The Padres need a long-term solution to their pitching staff and they just made a great first step.
San Diego Padres v Milwaukee Brewers
San Diego Padres v Milwaukee Brewers / John Fisher/GettyImages

To the shock of no one, the San Diego Padres losing Blake Snell, Seth Lugo, and Michael Wacha to free agency this offseason has created some rotation issues heading into 2024. San Diego has done a reasonably good job of rebuilding the bullpen, but the starting staff certainly needs some immediate help. However, one thing that's absolutely certain is that if the Padres are truly committed to shrinking their payroll, finding long-term sustainability of the entire pitching staff is going to have to be a priority.

The Padres do have some help coming from the minor leagues, but several of their top pitching prospects are still a few years away and some of the guys at the upper levels could use some extra seasoning before they are ready for the big stage. Finding some short-term solutions would be fine for now, but the Padres need to put these guys in their talent pipeline in the best position to succeed.

Fortunately, it looks like the team is making some strong strides to make that happen.
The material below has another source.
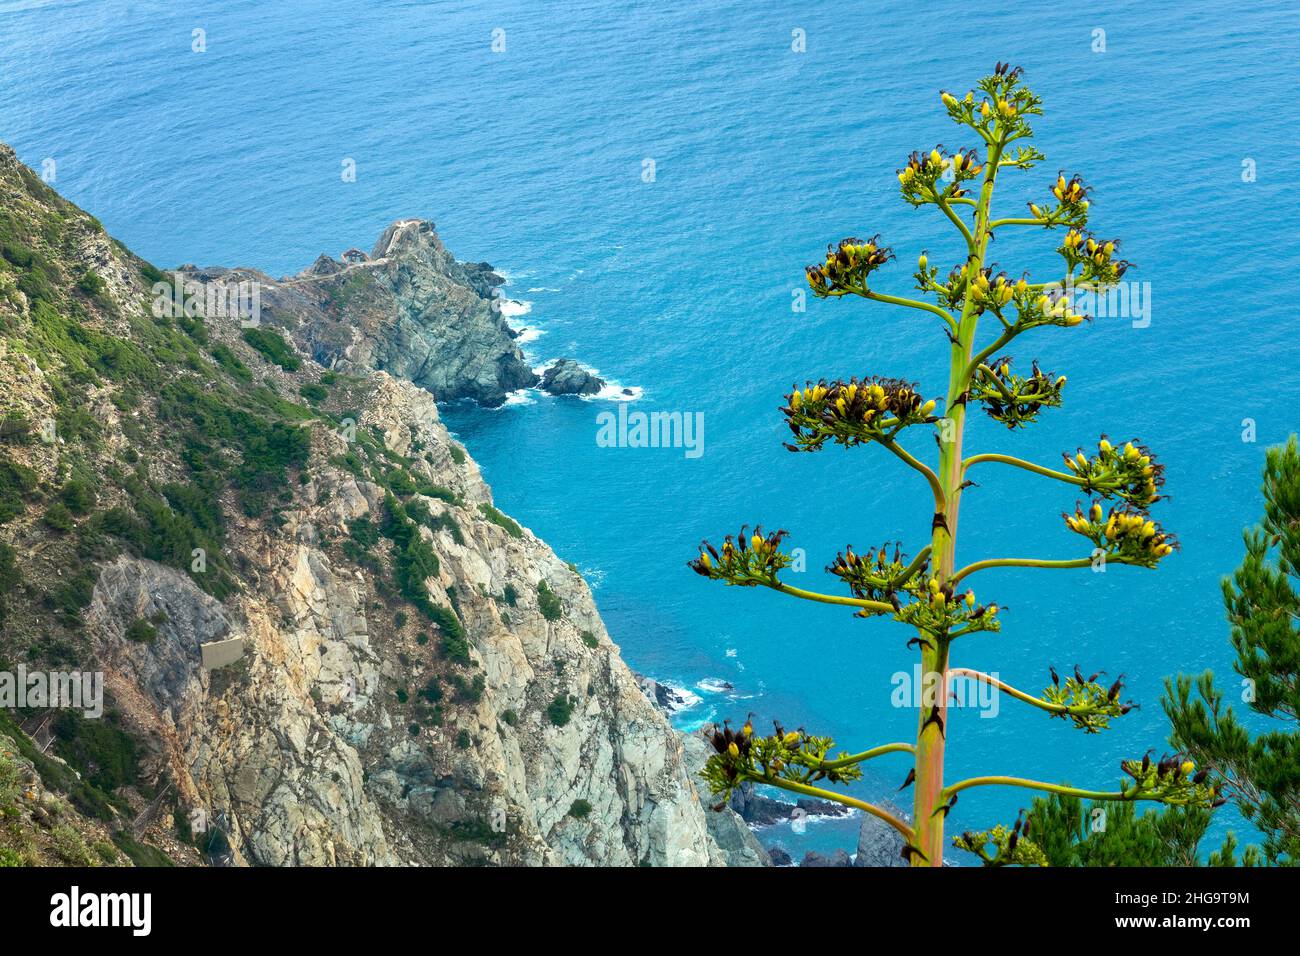 Agave flower, mediterranean coast with rocks and blue water in the background Stock Photo
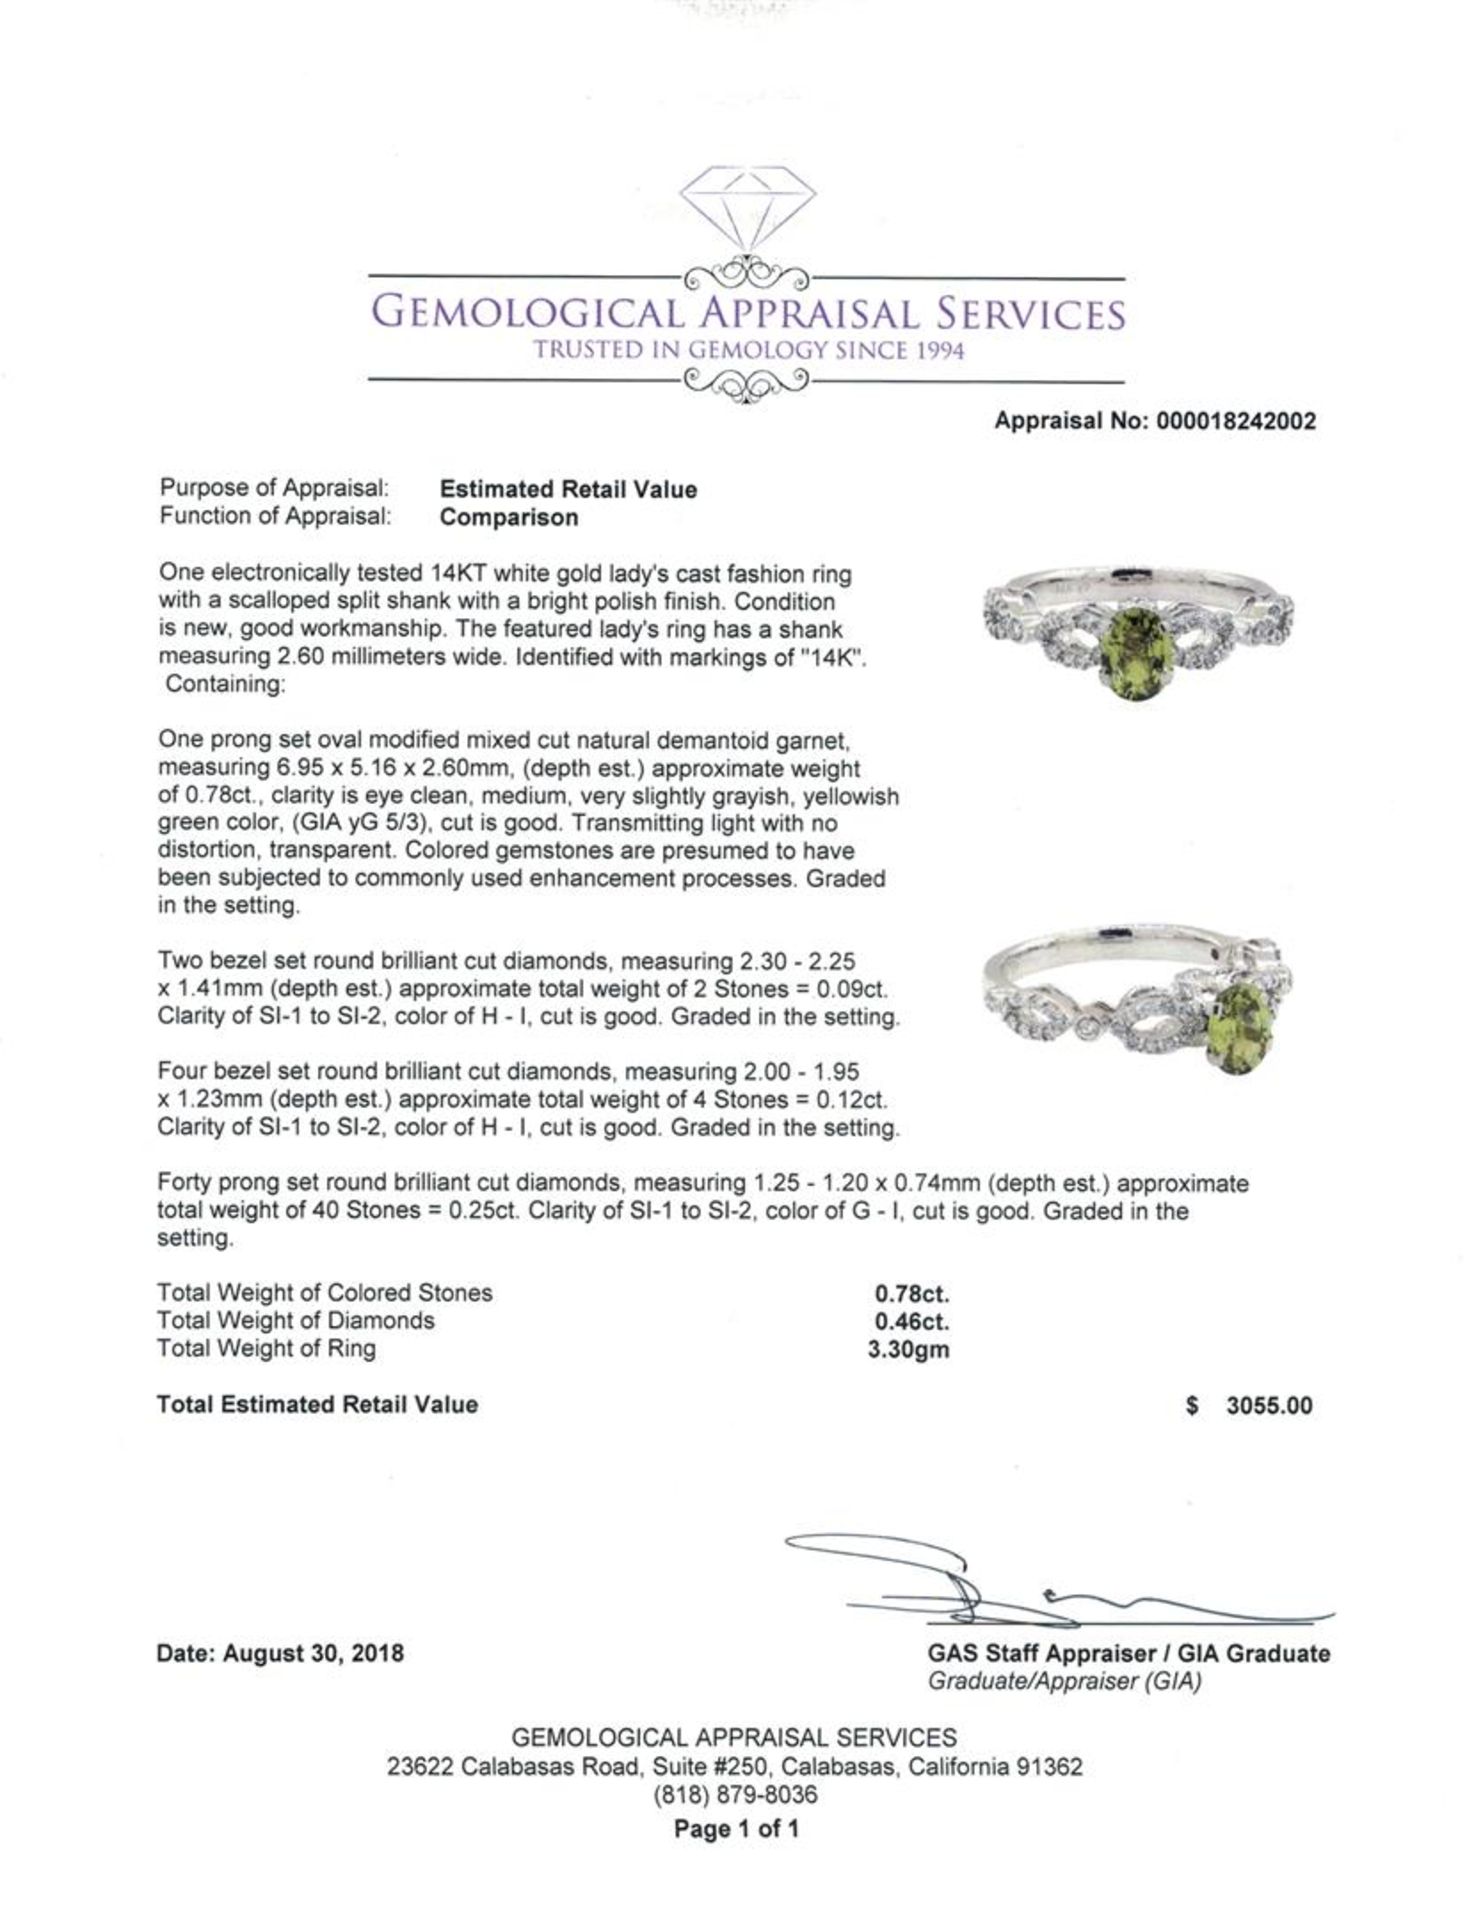 1.24 ctw Oval Mixed Demantoid Garnet And Round Brilliant Cut Diamond Ring - 14KT - Image 5 of 5

In conjunction with Point Loma Nazarene University, the Padres have opened a pitching lab that will focus on biomechanics and other aspects of pitching that should, in theory, really help San Diego get the most out of their arms going forward.

San Diego's new state-of-the-art pitching lab is a massive long-term boost

The idea behind this new pitching lab is simple. Having trained professionals that understand biomechanics and how the body moves and generates force should allow the Padres to get valuable information on not only the adjustments their current players should make to improve, but help further understand the types of pitchers they should be bringing aboard.

The type of work being done here isn't new to the game of baseball. Front offices have long looked hard at different types of deliveries and whether or not a guy's mechanics could make them injury-prone. In more recent years, a number of teams have invested more into the study of biomechanics to not only target the big issues with pitchers, but to make smaller adjustments to throwing mechanics to get incremental gains that can lead to increased velocity, improved command, and reduce fatigue. At the end of the day, the goal remains the same: to keep pitchers on the field and to help them succeed.

Where the Padres' approach is most unique, though, is with how much they are clearly investing in this lab and the partnership with actual biomechanics researchers. San Diego has been working with PLNU for several years now, but this is a major step forward in that partnership and is proof that the organization is a fan of the work they have done thus far.

Given that the Padres' pitching staff last season (a big chunk of whom are now gone) tied for major league lead in ERA at 3.73, it is hard to argue with the results. The only question is whether they can keep it up or even improve as time goes on with this new lab fully established.